Data excerpt ▸

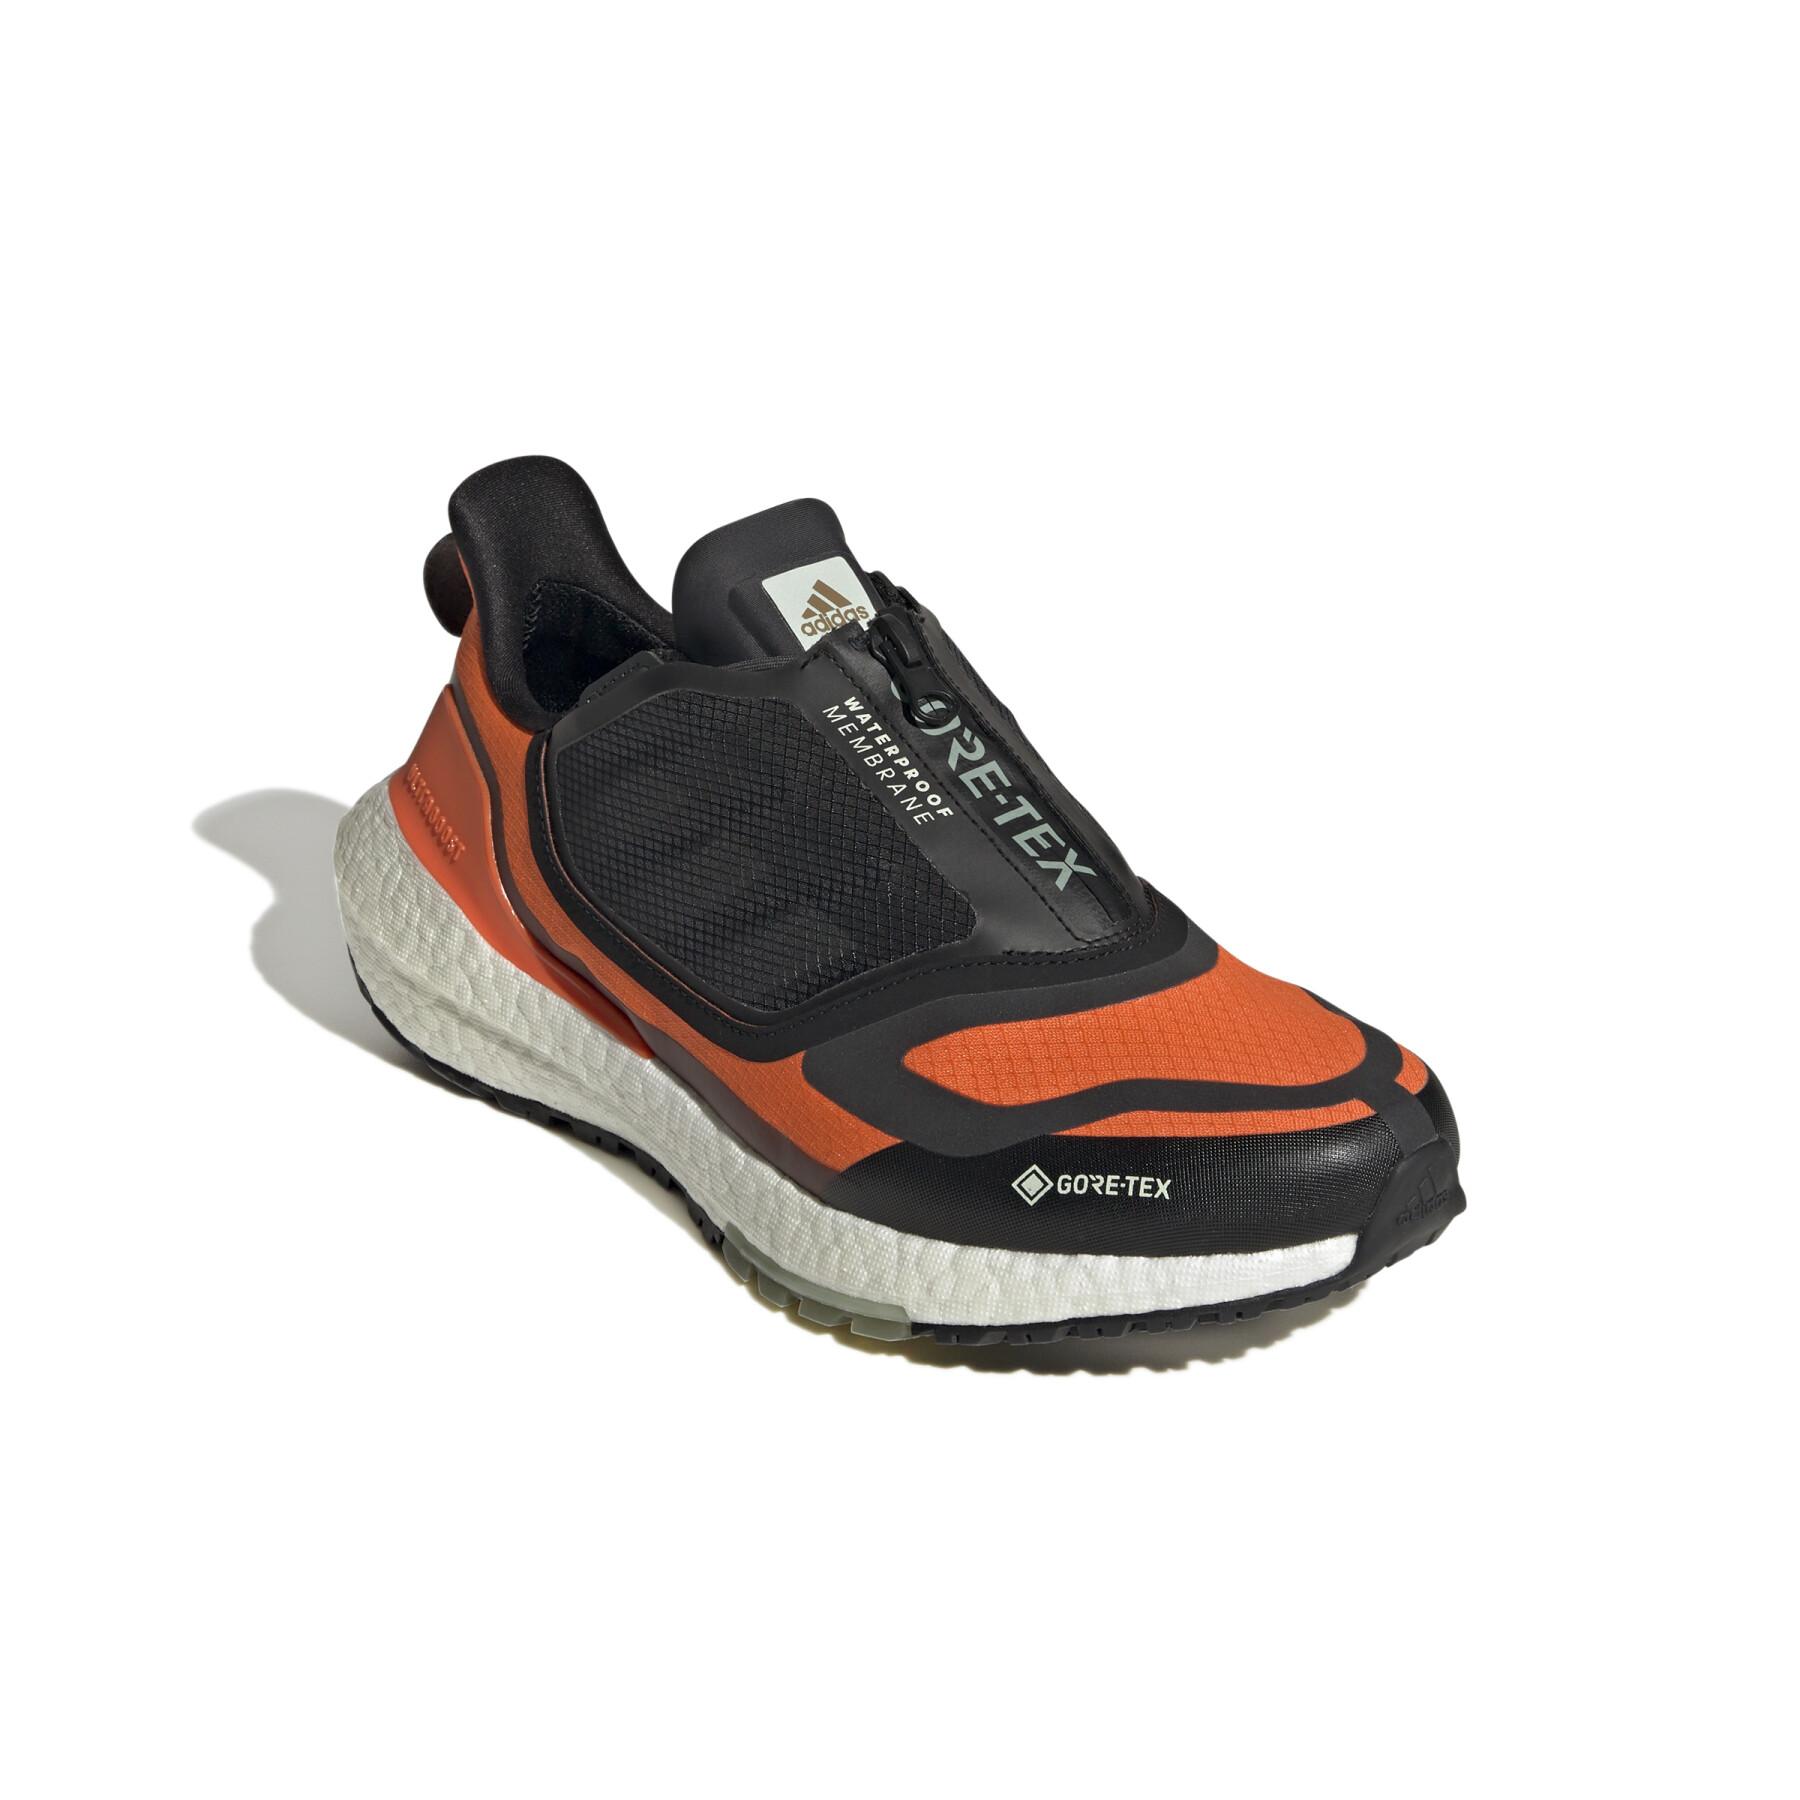 Running shoes adidas Ultraboost 22 Gtx
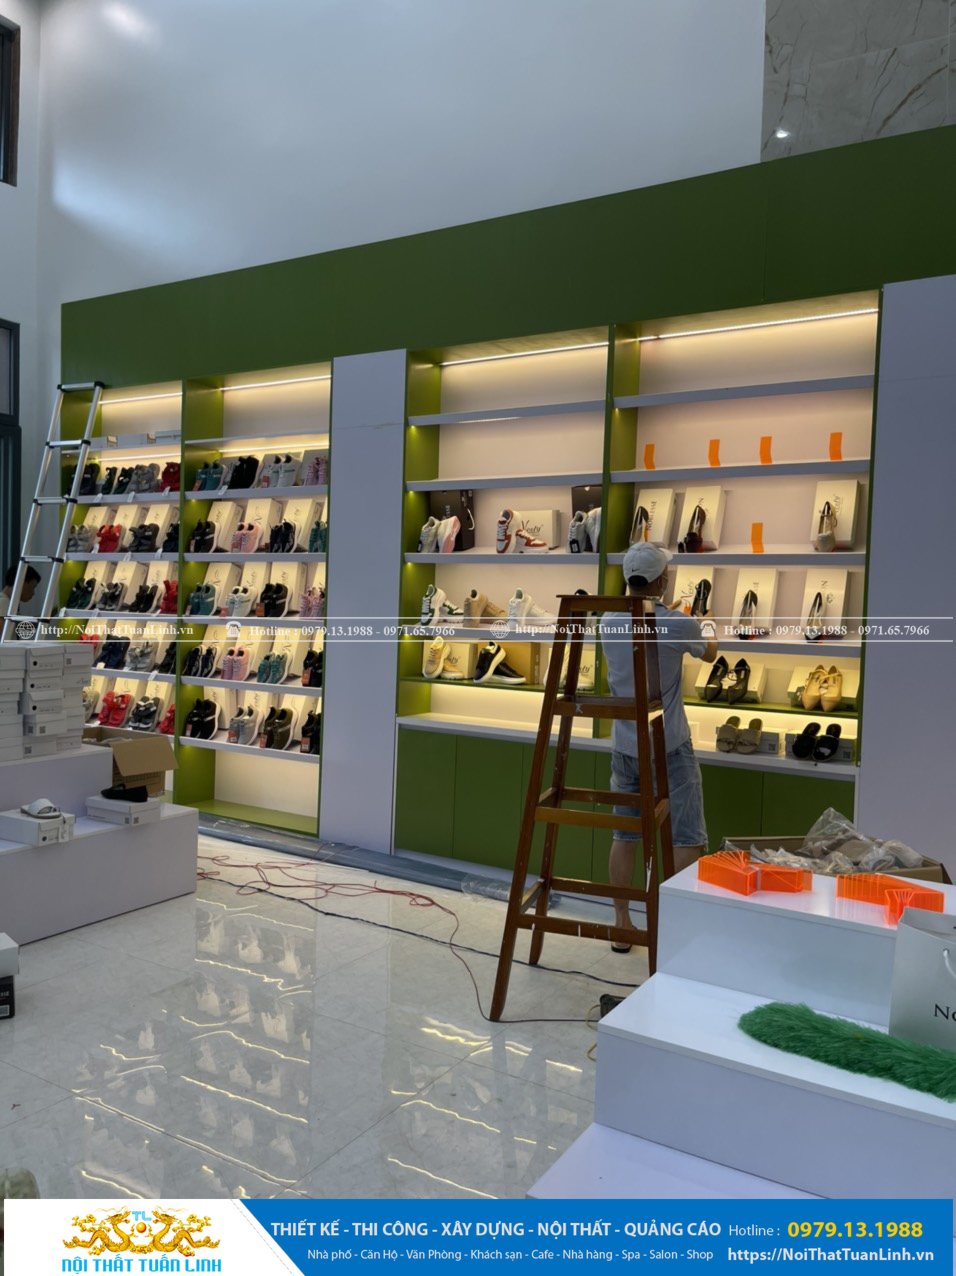 Báo giá thiết kế thi công nội thất shop thời trang Minh Khang Sport tại Phú Giáo Bình Dương 27
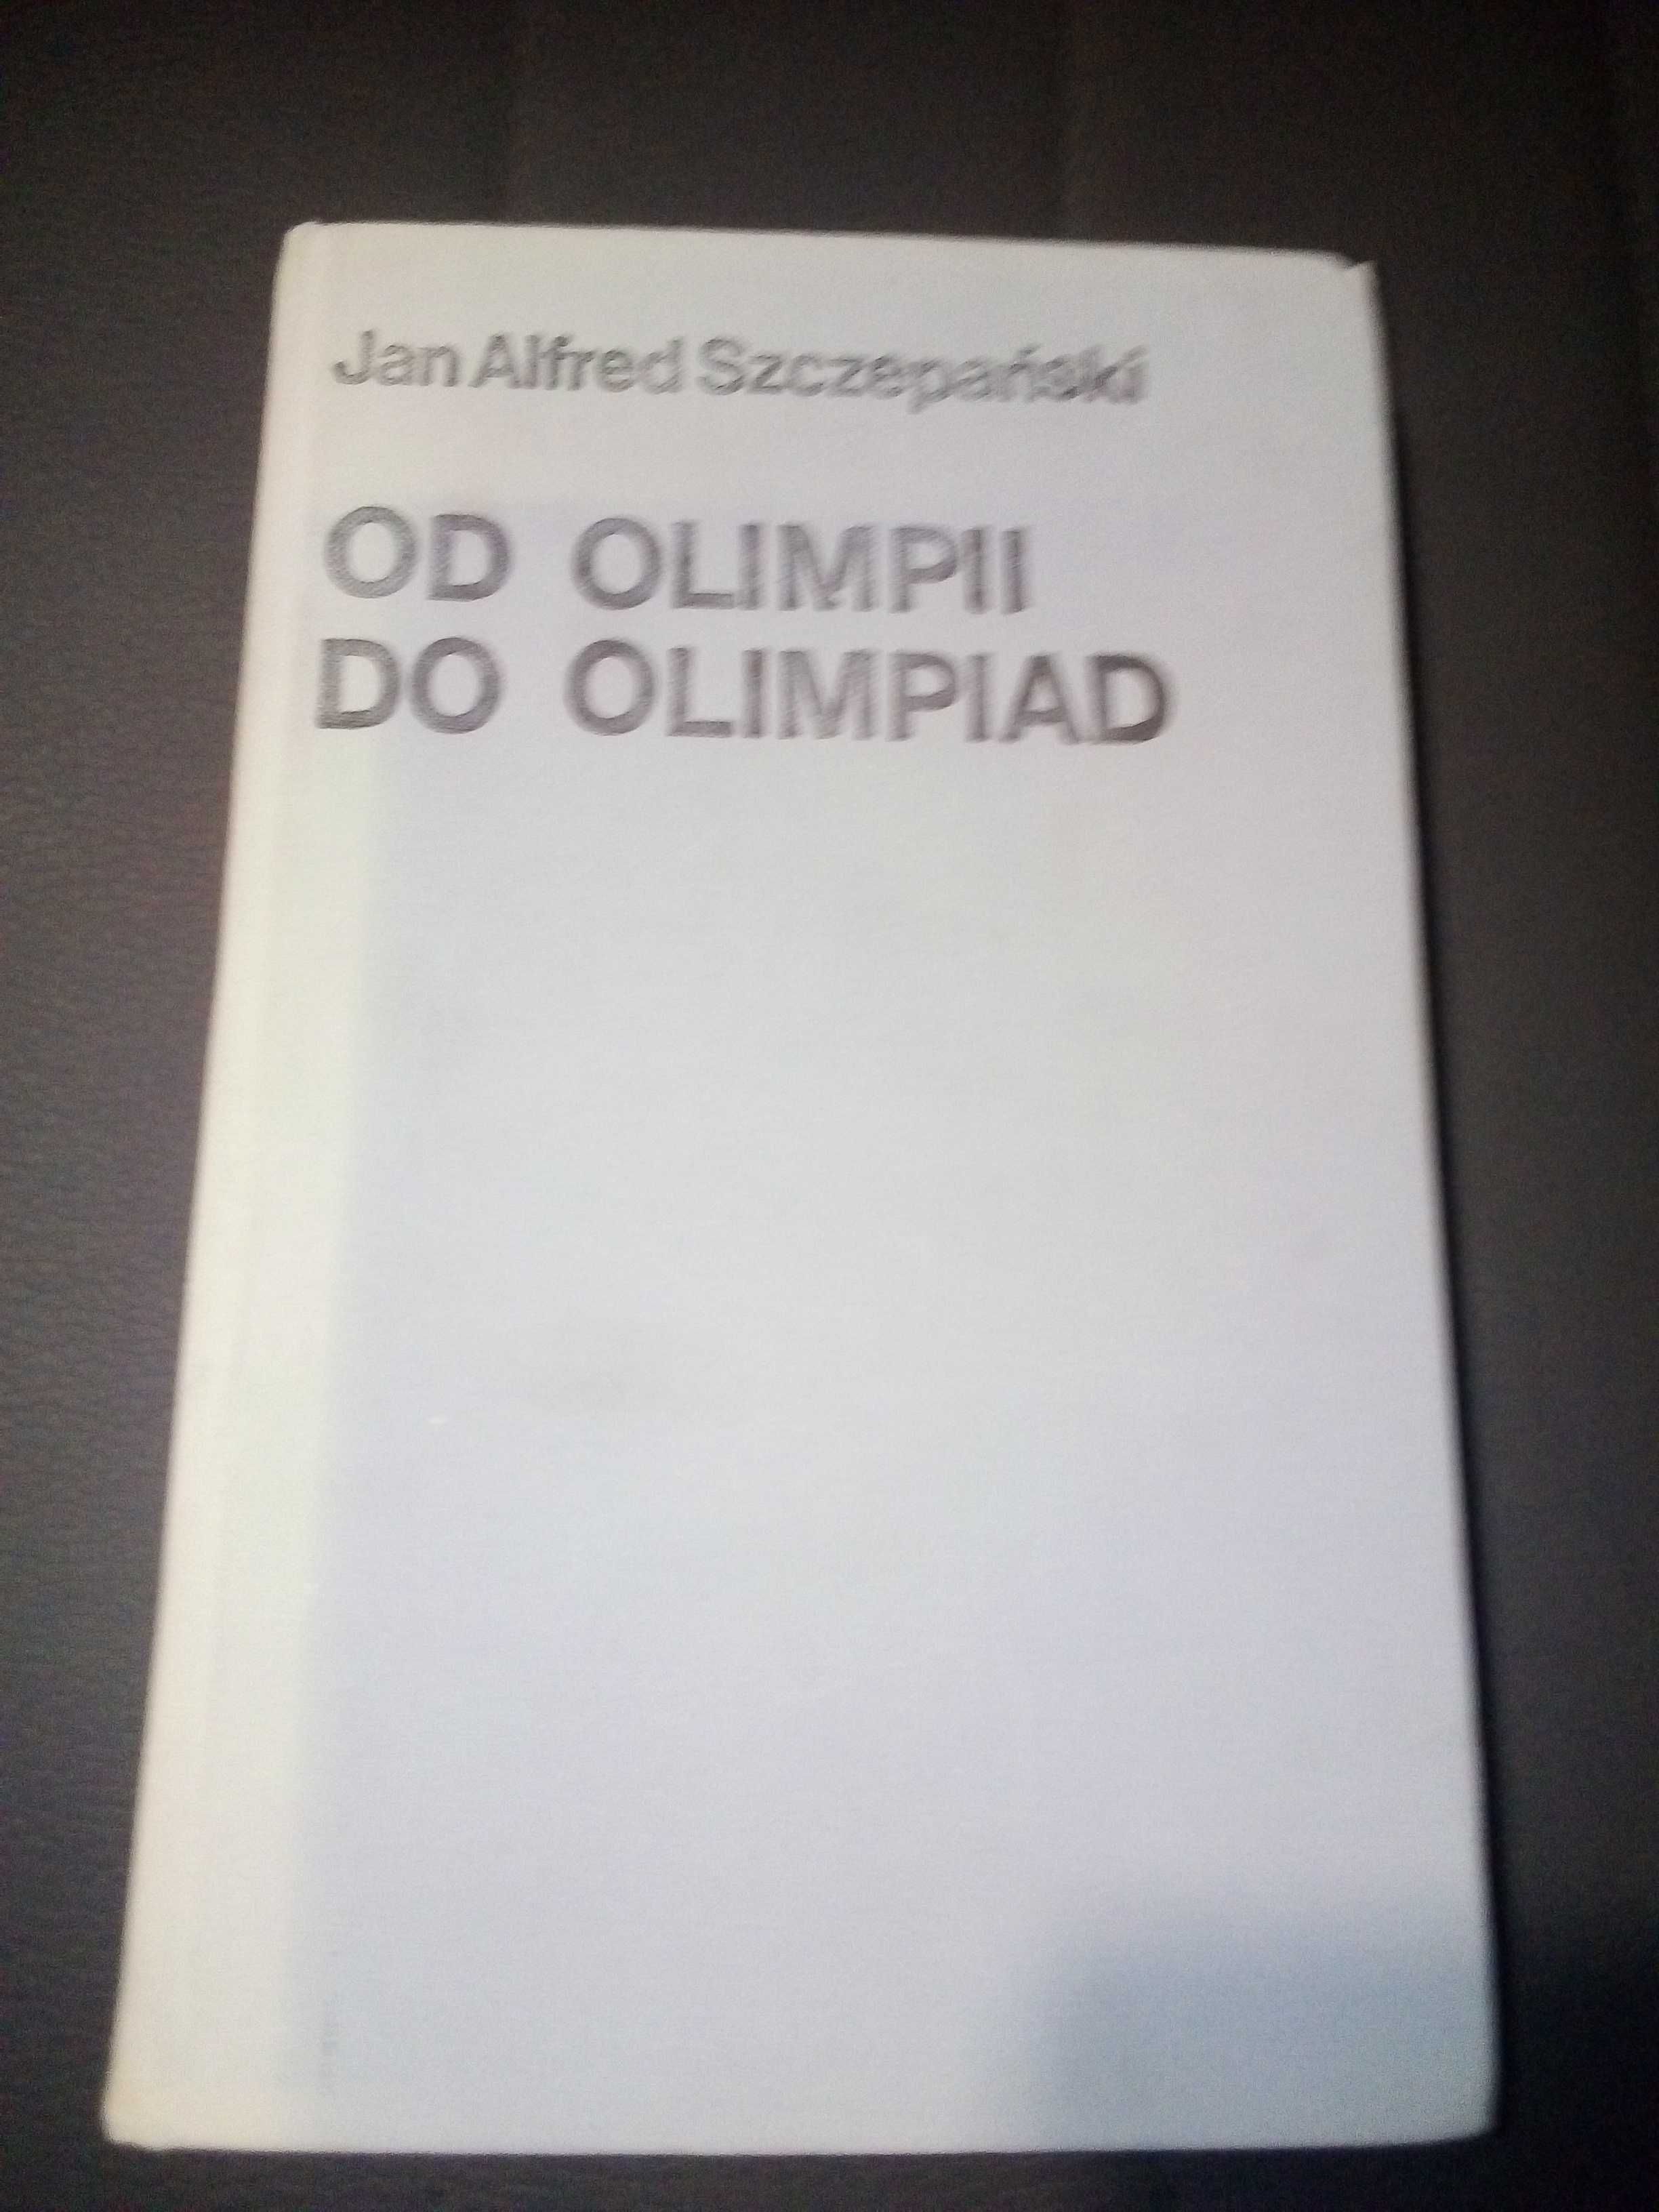 Książka "Od Olimpii do olimpiad" J.A. Szczepański  1980r

Task description ▸ Repeat exactly the lines from the one containing "Báo giá thiết" to the last line of the data above, both included, and write no pictures into the copy.

Exercise response ▸
 Báo giá thiết kế thi công nội thất shop thời trang Minh Khang Sport tại Phú Giáo Bình Dương 27
 Książka "Od Olimpii do olimpiad" J.A. Szczepański  1980r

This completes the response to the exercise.